No. You have several different modes that you have created. When I said to remove them or asked why they exist you explicitly said that they existed because of the quirk and then you explicitly don't use them the only place the quirk happens. Remove the useless modes. It's a stupid quirk that probably shouldn't ever have been added in the first place.

If something needs to change about how metadata is merged from different sources that needs to change where the decision is made, in this case cli.py create_local_metadata. Creating an entire complicated system to facilitate a quirk is stupid. It was implemented as a tiny 7 line change in 539aac1 to allow unsetting the credits #587. If you can turn this into a 50 line change (minus tests) I'll merge it as is but this is over 700 lines changed, most of which is just to satisfy a stupid quirk that doesn't even get executed.

@mizaki mizaki force-pushed the metadata_overlay branch from 3203103 to 6063553 Compare March 5, 2024 01:00
@mizaki
Copy link
Contributor Author

mizaki commented Mar 5, 2024

I've squished and targeted what is currently already there. The overlay options will only apply to source (talker) information currently. So this option will become more relevant when the multi-read of metadata styles is done.

I have also renamed Comic Book Lover to Metadata Options and moved those that are to do with metadata into it.

# otherwise, add it!
else:
self.add_credit(c["person"], c["role"], primary)
cur_credits.append(Credit(person=c["person"], role=c["role"], primary=primary))
Copy link
Member

Choose a reason for hiding this comment

The reason will be displayed to describe this comment to others. Learn more.

All of the credit appends need to do the same checks as self.add_credit

It might be better to merge them and then clear the current credits and just add them at the end

credits = assign_credit_func(cur_credits, new_credits)
self.credits.clear()
for credit in credits:
    self.add_credit(**credit)

Copy link
Contributor Author

Choose a reason for hiding this comment

The reason will be displayed to describe this comment to others. Learn more.

I have kept it a return value so it's not different to the others. I've also removed the empty person to remove role.

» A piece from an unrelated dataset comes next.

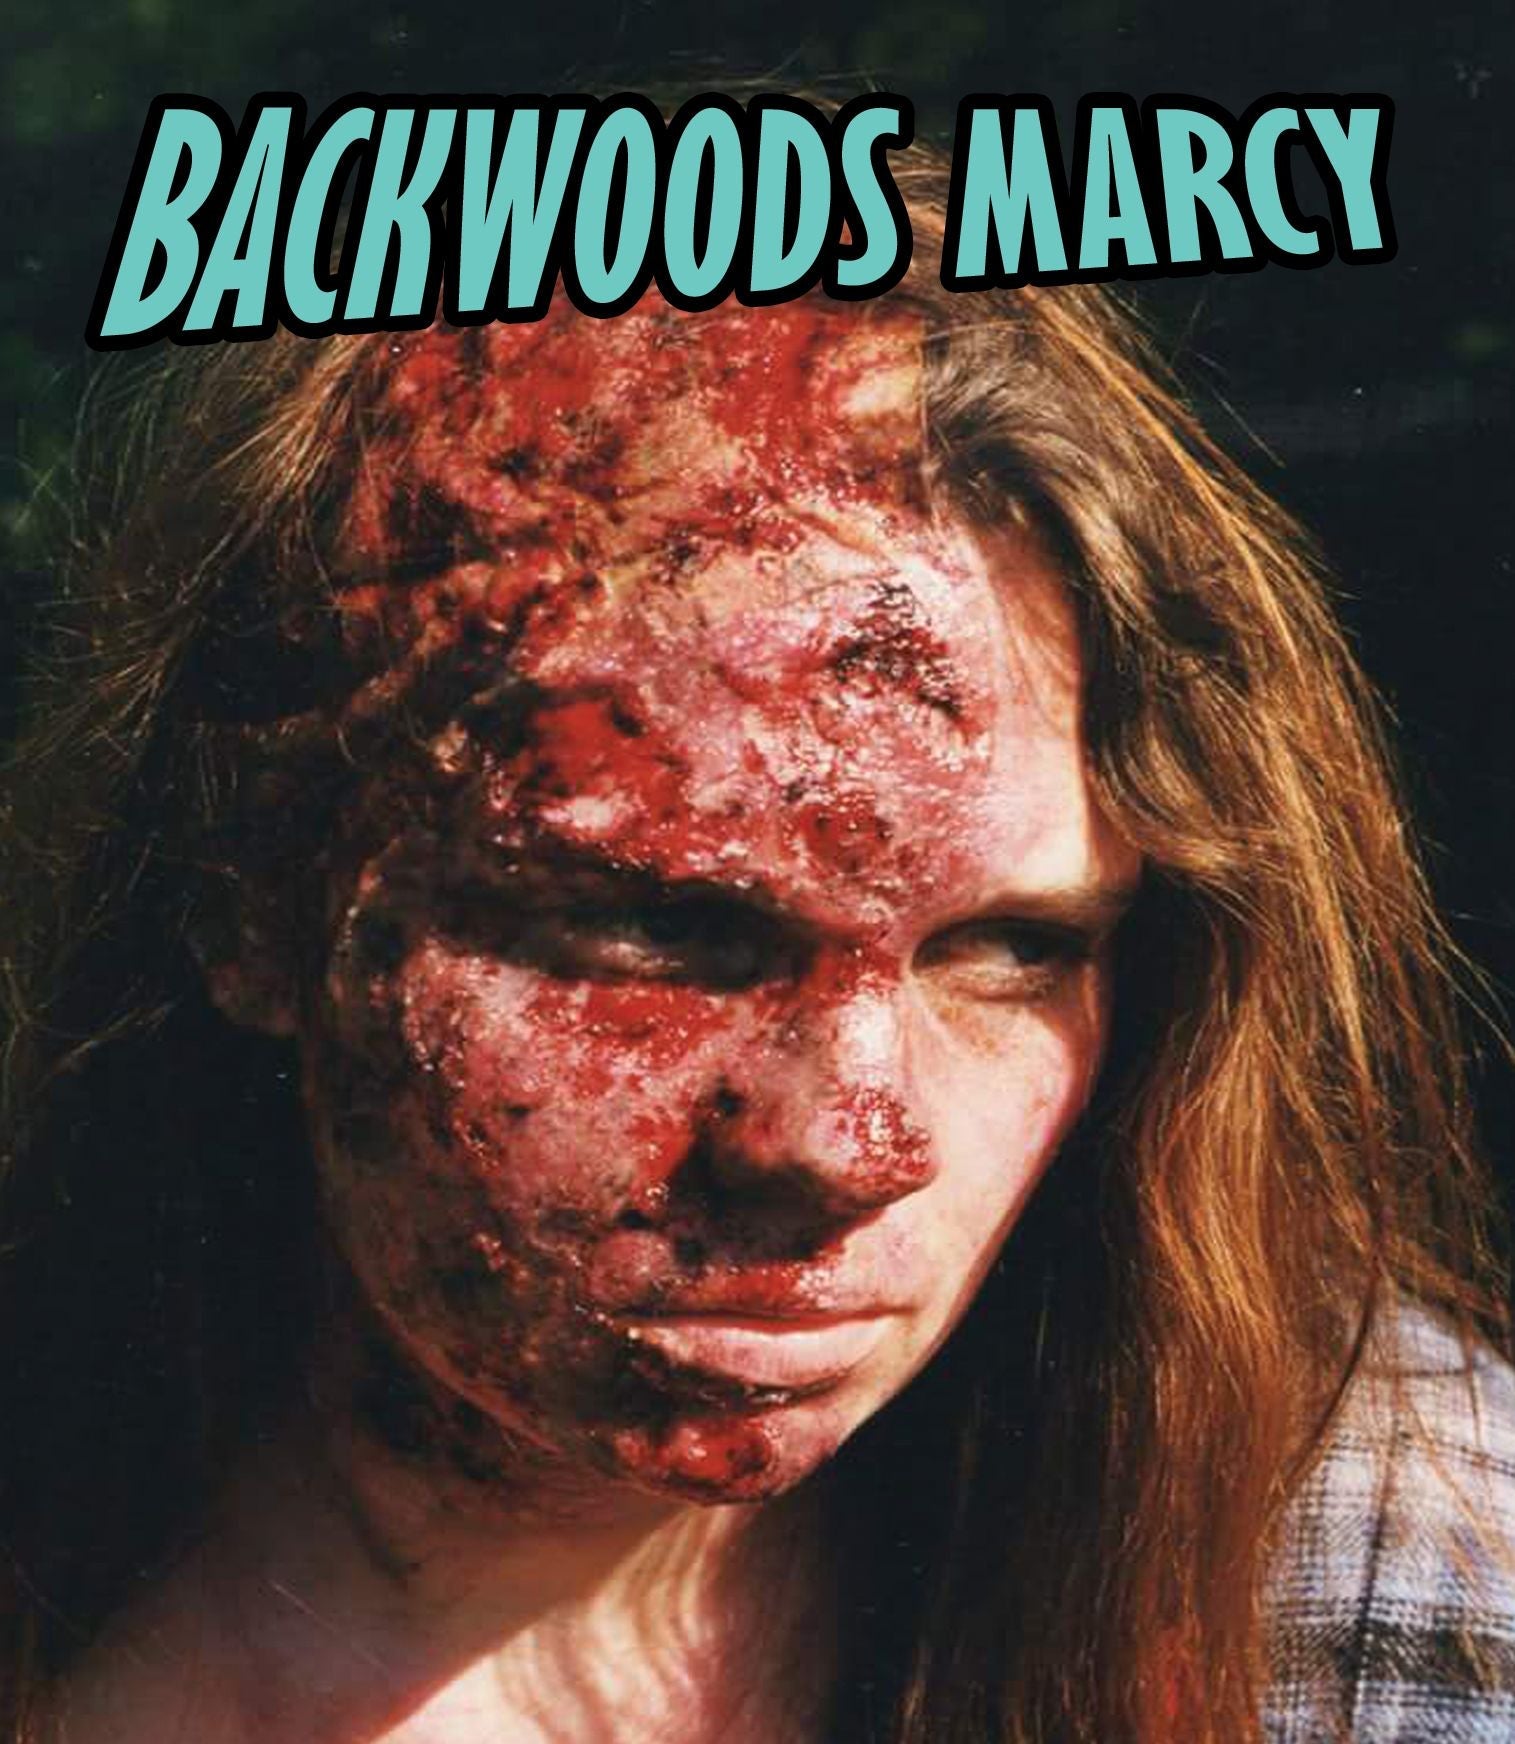 BACKWOODS MARCY (LIMITED EDITION) BLU-RAY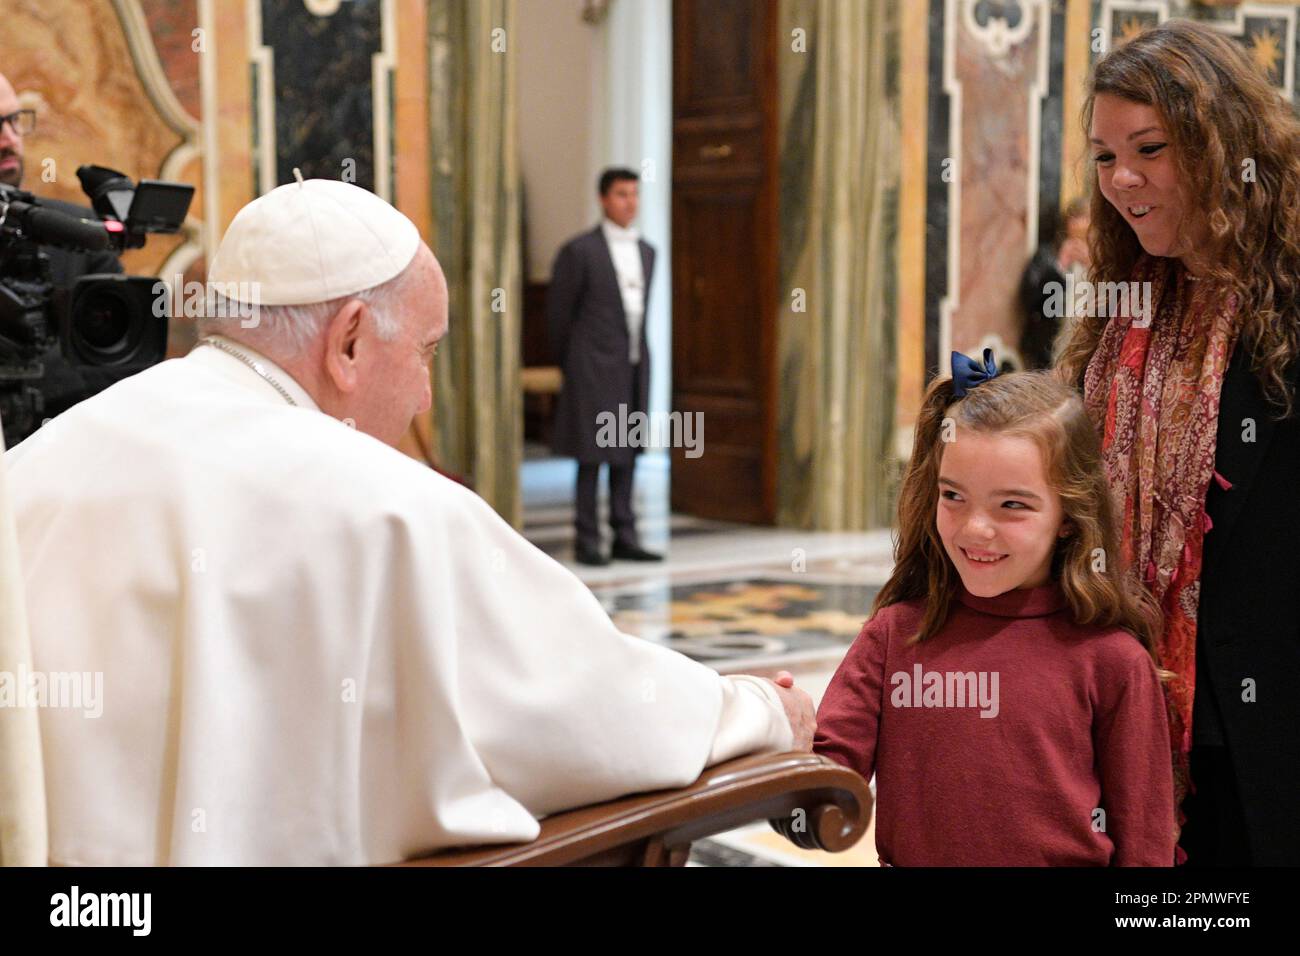 Vatican, Vatican. 15th Apr, 2023. Italy, Rome, Vatican, 2023/4/15.Pope Francis receives in audience Members of the Fundaciòn Madre de la Esperanza de Talavera de la Reina, of Toledo ( Spain ) at the Vatican Photograph by Vatican Media /Catholic Press Photo/hANS lUCAS . RESTRICTED TO EDITORIAL USE - NO MARKETING - NO ADVERTISING CAMPAIGNS. Credit: Independent Photo Agency/Alamy Live News Stock Photo

As the add_credit is done to each md I did a dupe check so using add_credit isn't used again. I think it makes sense but if you want to still use it, I'll change it.

Comment on lines 534 to 538
<string>Overlay - When the new source metadata has non-empty values, overwrite the current metadata

Add Missing - Any values that are empty in the current metadata that are in the new source metadata, add those values

Combine - Combine lists and use the new (non-empty) source metadata for all other values</string>
Copy link
Member

Choose a reason for hiding this comment

The reason will be displayed to describe this comment to others. Learn more.

I don't really like the wording here. What do you think of

Overlay - Overlays new metadata on top of the original.
(Series=batman, Issue=1, Tags=[batman,joker,robin])
+ (Series=Batman, Publisher=DC Comics, Tags=[mystery,action])
= (Series=Batman, Issue=1, Publisher=DC Comics, Tags=[mystery,action])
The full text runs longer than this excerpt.